Correlations between predictive saccades decay gradually, suggesting fractional Brownian motion (fBm), which is a hallmark of self-organizing systems and demonstrates variations on multiple time scales: trial-to-trial variations correct timing errors while slower variations reflect changing confidence in stimulus history. The longer a fixed stimulus continues, the more confidence there is in programming future behavior based on past performance. This is seen in the fact that correlations between predictive saccades increase as the pacing stimulus continues. (This also leads to hysteresis in the phase transition between reactive and predictive tracking.) I will discuss implications of these long-term correlations, and alternative explanations for their occurrence.
Another example of self-organization is the tradeoff between reliance on previous saccade performance and the current stimulus, and this weighting changes as stimulus variability increases. Thus, saccade sequences exhibit not only predictive behavior, but also the ability to modify predictive properties based on experience, another hallmark of self-organizing systems.
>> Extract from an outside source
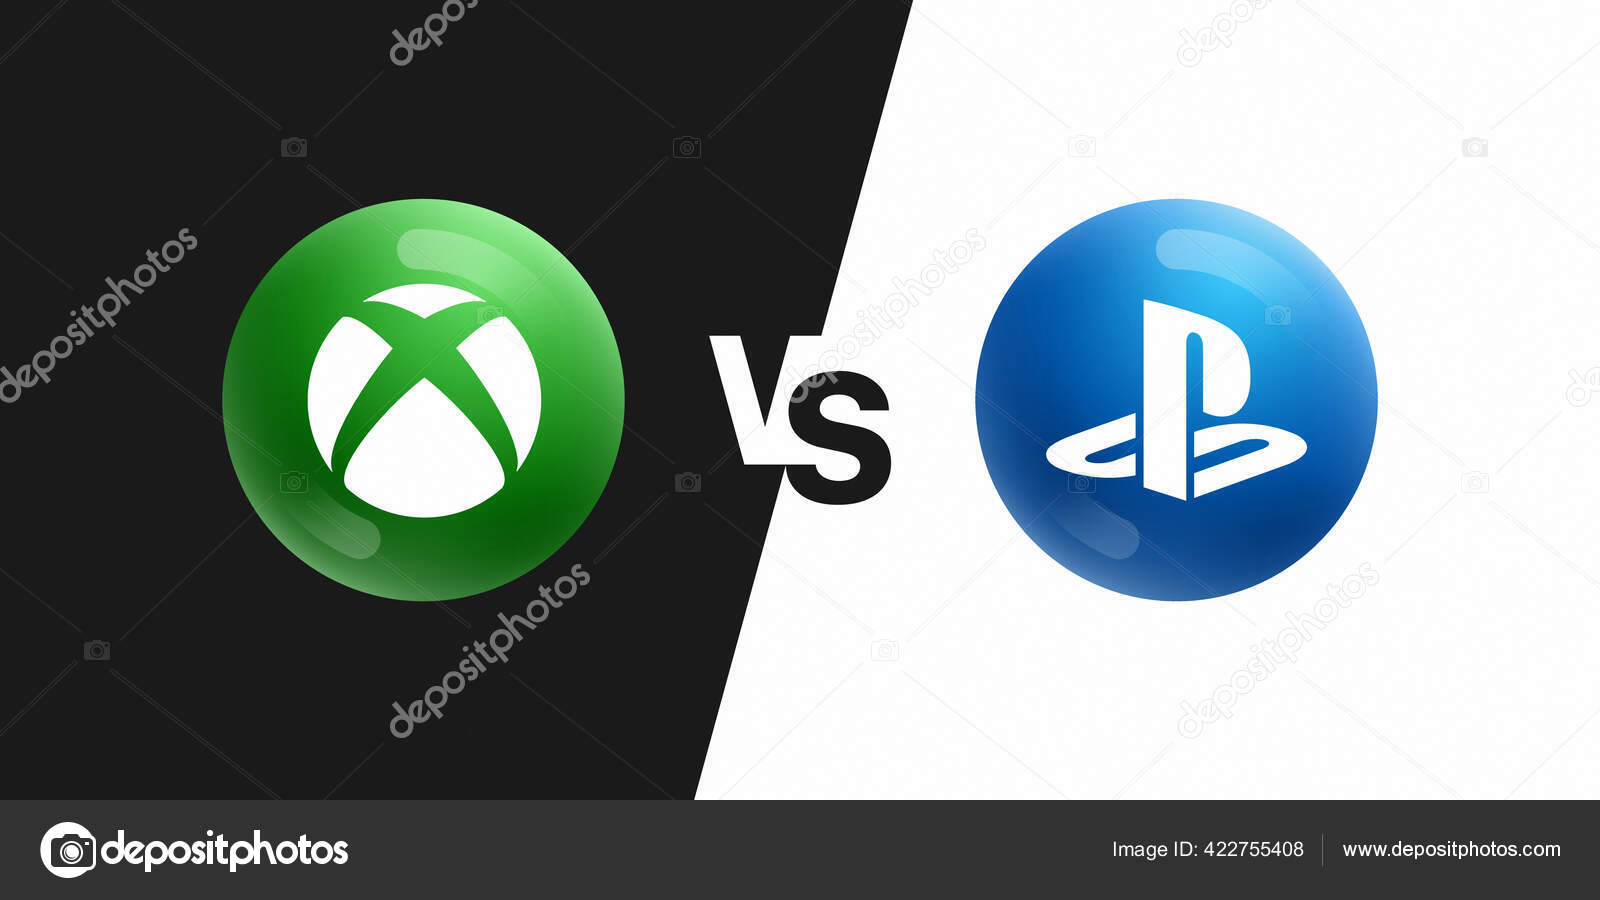 Với những ai đang phân vân giữa việc chọn mua Xbox Series X hay PlayStation 5, hãy đến với BXH và xem ngay những biểu tượng 3D Vector icons đẹp mắt của hai sản phẩm này để đưa ra quyết định chính xác cho mình!

Studying the Dynamics of Visual Search as a Window on Perceptual-Cognitive Behavior

Dr. Deborah J. Aks

Dr. Deborah J. Aks received her doctoral degree from the University of British Columbia in 1993. She is a Research Associate Professor at Rutgers University. She has studied a range of topics in visual perception including the interaction of apparent depth with perceived size. Dr. Aks has also spent much time learning DS analytical techniques, and thinking about applications to various perceptual phenomena including visual search and ambiguous stimuli. She has become increasingly convinced that to understand perception we need to explore how the process unfolds and changes over time.
Presentation Abstract
The coordination of perception and cognition is intimately tied to people's interactions with their surrounding environment. This dynamic plays a crucial role in accounting for how incoming sensory information integrates with prior experience, and gives rise to efficient functioning in the real world. Critical to understanding such complex systems is the need to learn how behavioral patterns evolve over time, are time-dependent, and how they scale with surrounding context. Also essential is the need to determine the role that internal states and external conditions contribute to these behavioral patterns. Using visual search as a working example, I will discuss how dynamical systems theory and its tools can help us better understand the complex interplay between mental-behavioral-environmental systems. Specifically, I will describe how scan-paths can be used to assess patterns of correlation across a series of eye-movements. Results from various search tasks show scaling and long-range (1/f) trends across a diverse set of conditions. When display structure is altered, subtle but reliable shifts occur in search patterns: Extrinsic structure either attenuates or enhances intrinsic processes depending on which serves as the better guide to search. Despite these display-induced shifts, 1/f patterns were surprisingly pervasive across conditions suggesting a common, but highly variable, scanning strategy is used by most people across many different search settings. That this pattern occurs across the sequence of fixations is important since these are a hallmark of attention-based processes, and thus suggest a '1/f generating-mechanism' is involved in top-down cognitive processes. One significant and perhaps counterintuitive implication is that self-organizing processes may be essential to goal-driven behavior.